• **Assigned task**
The reply should repeat all of the data word for word, with no pictures.

======== Collected material ========

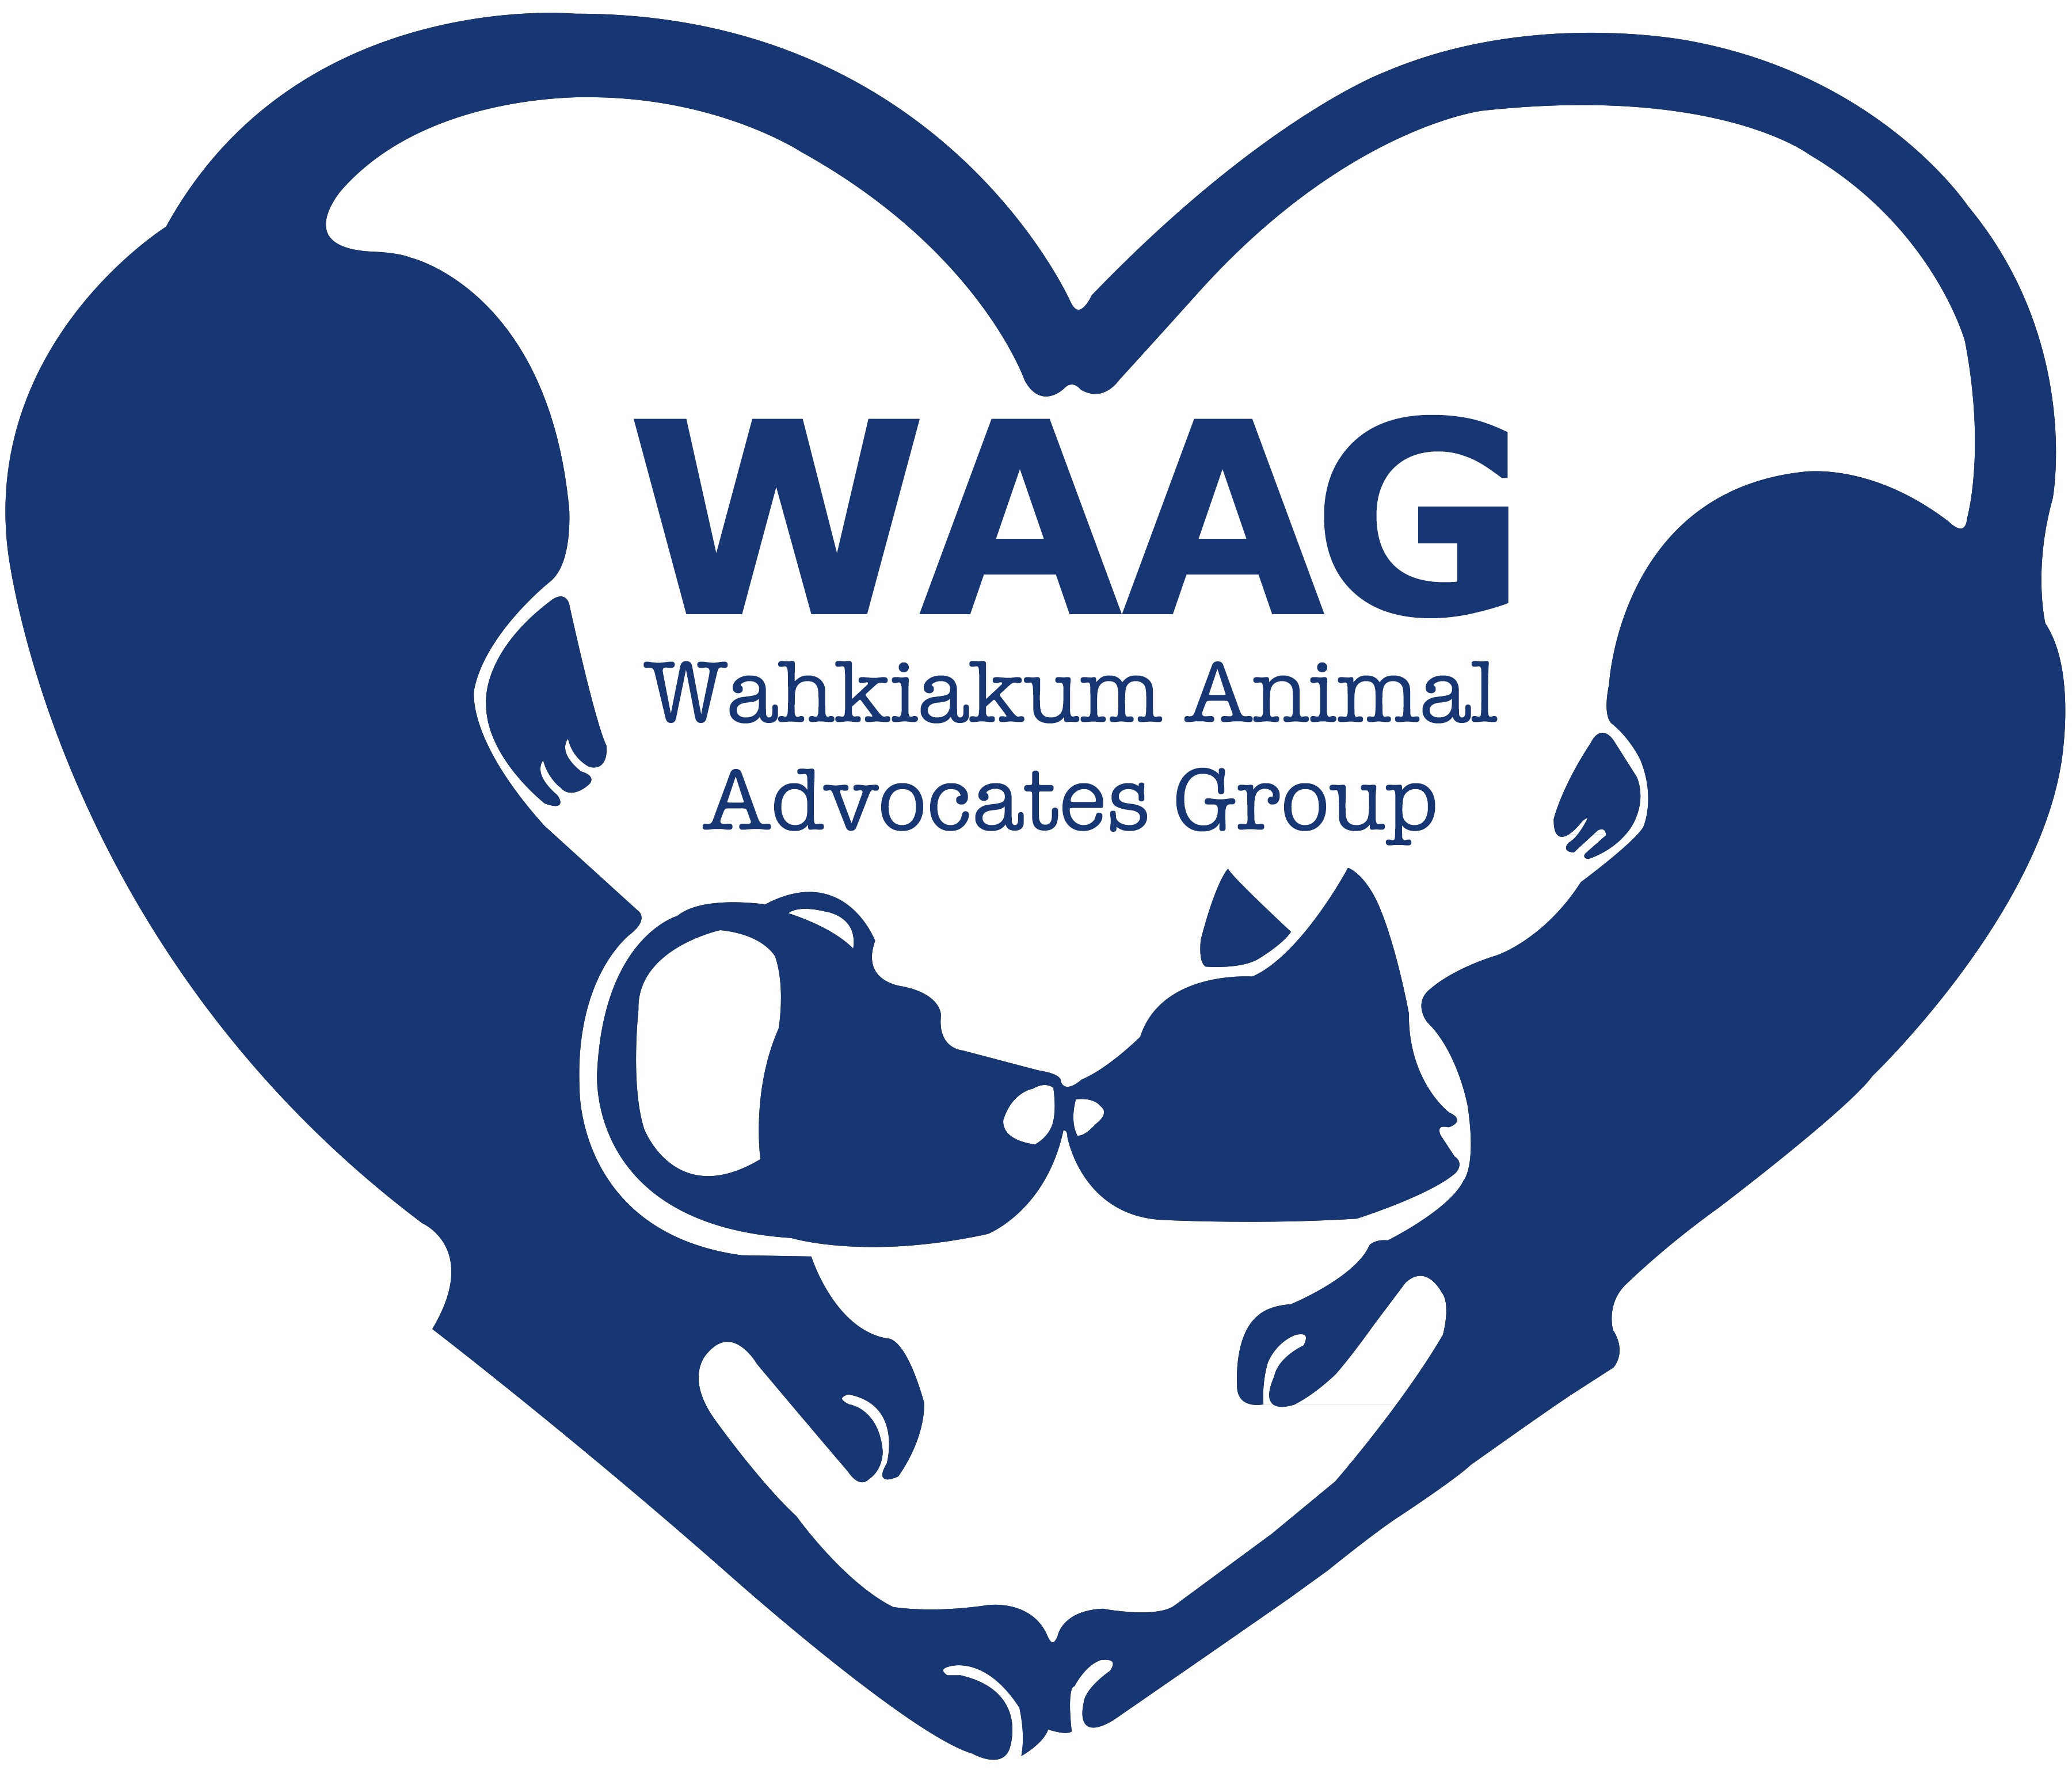 Wahkiakum Animal Advocates Group logo
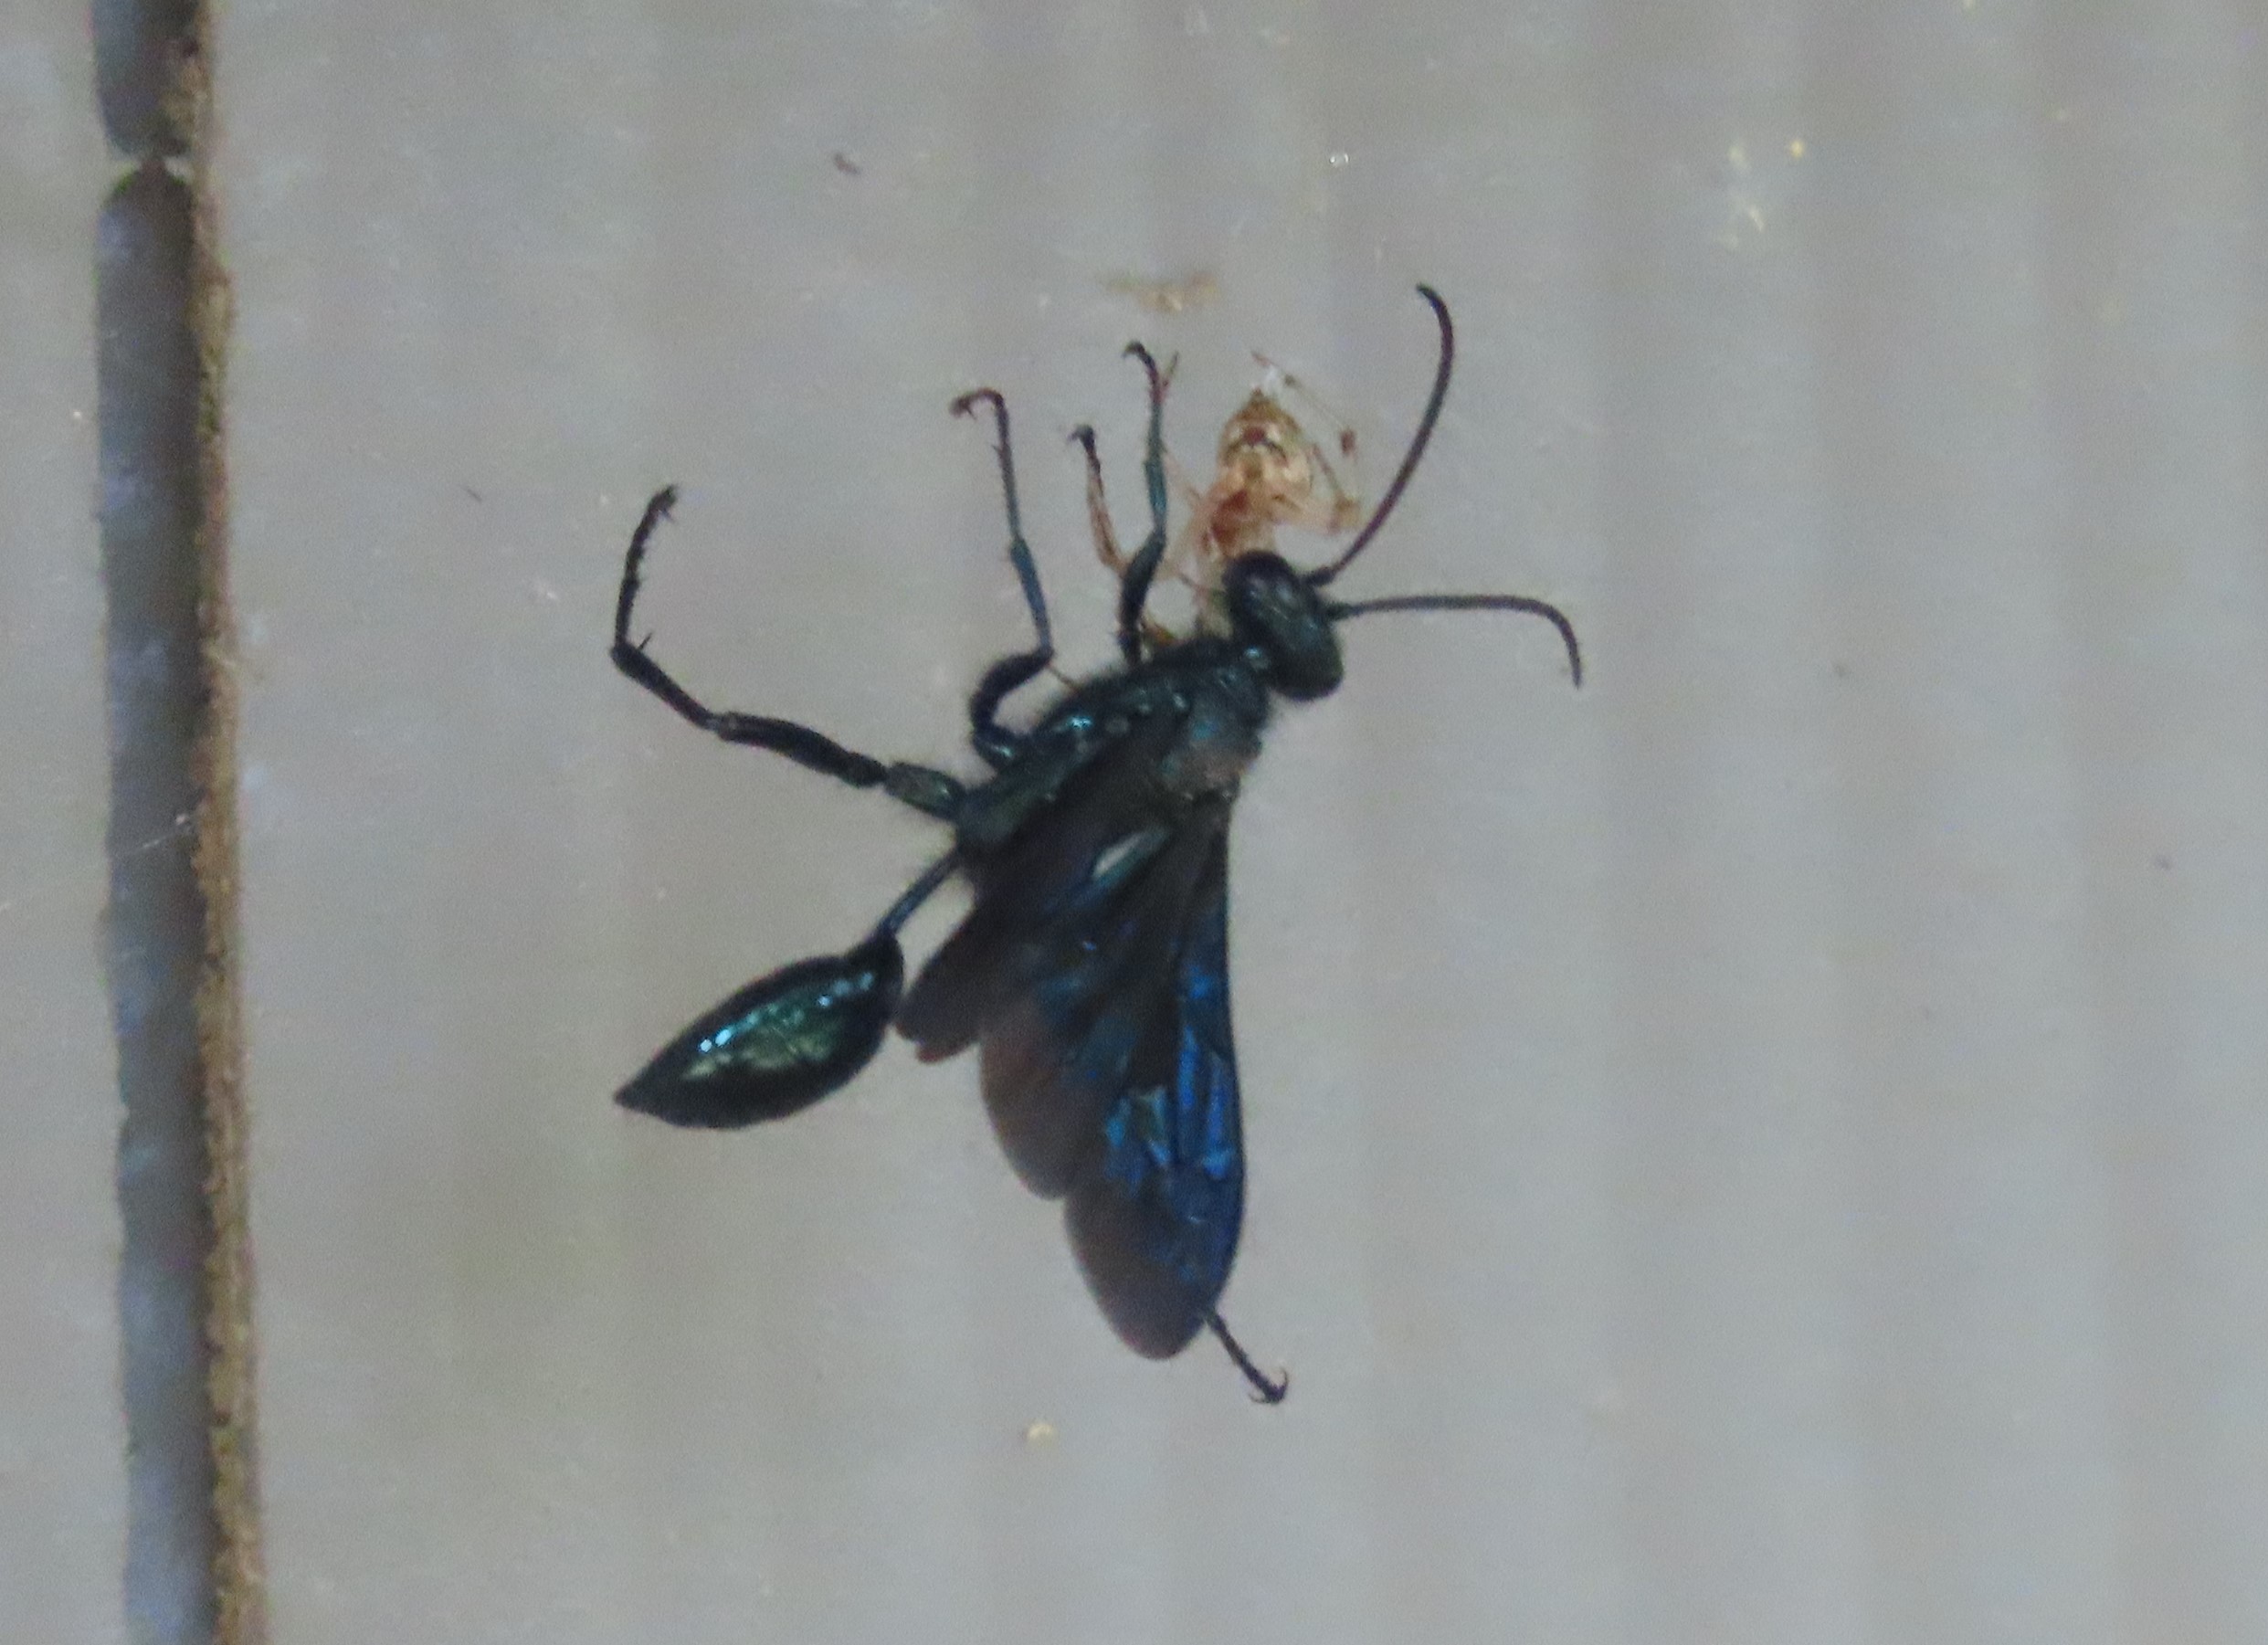 Bug Eric: Wasp Wednesday: Blue Mud Dauber
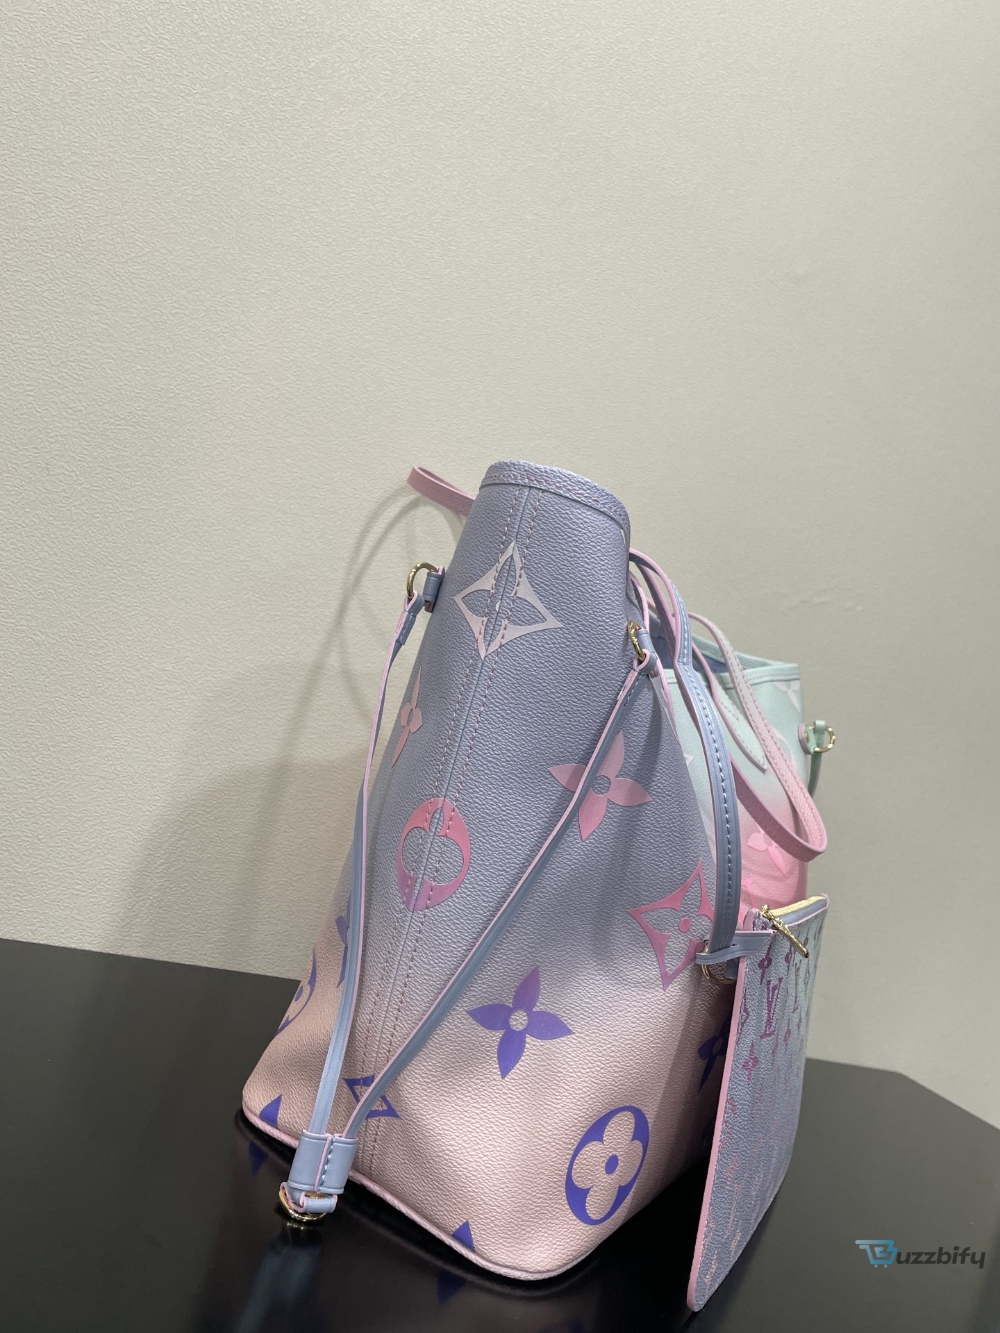 louis vuitton neverfull mm tote bag monogram canvas sunrise pastel for women womens handbags shoulder bags 122in31cm lv m46077 2799 buzzbify 1 65

========

• **Problem solution**
 Wahkiakum Animal Advocates Group logo
 Bug Eric: Wasp Wednesday: Blue Mud Dauber
 louis vuitton neverfull mm tote bag monogram canvas sunrise pastel for women womens handbags shoulder bags 122in31cm lv m46077 2799 buzzbify 1 65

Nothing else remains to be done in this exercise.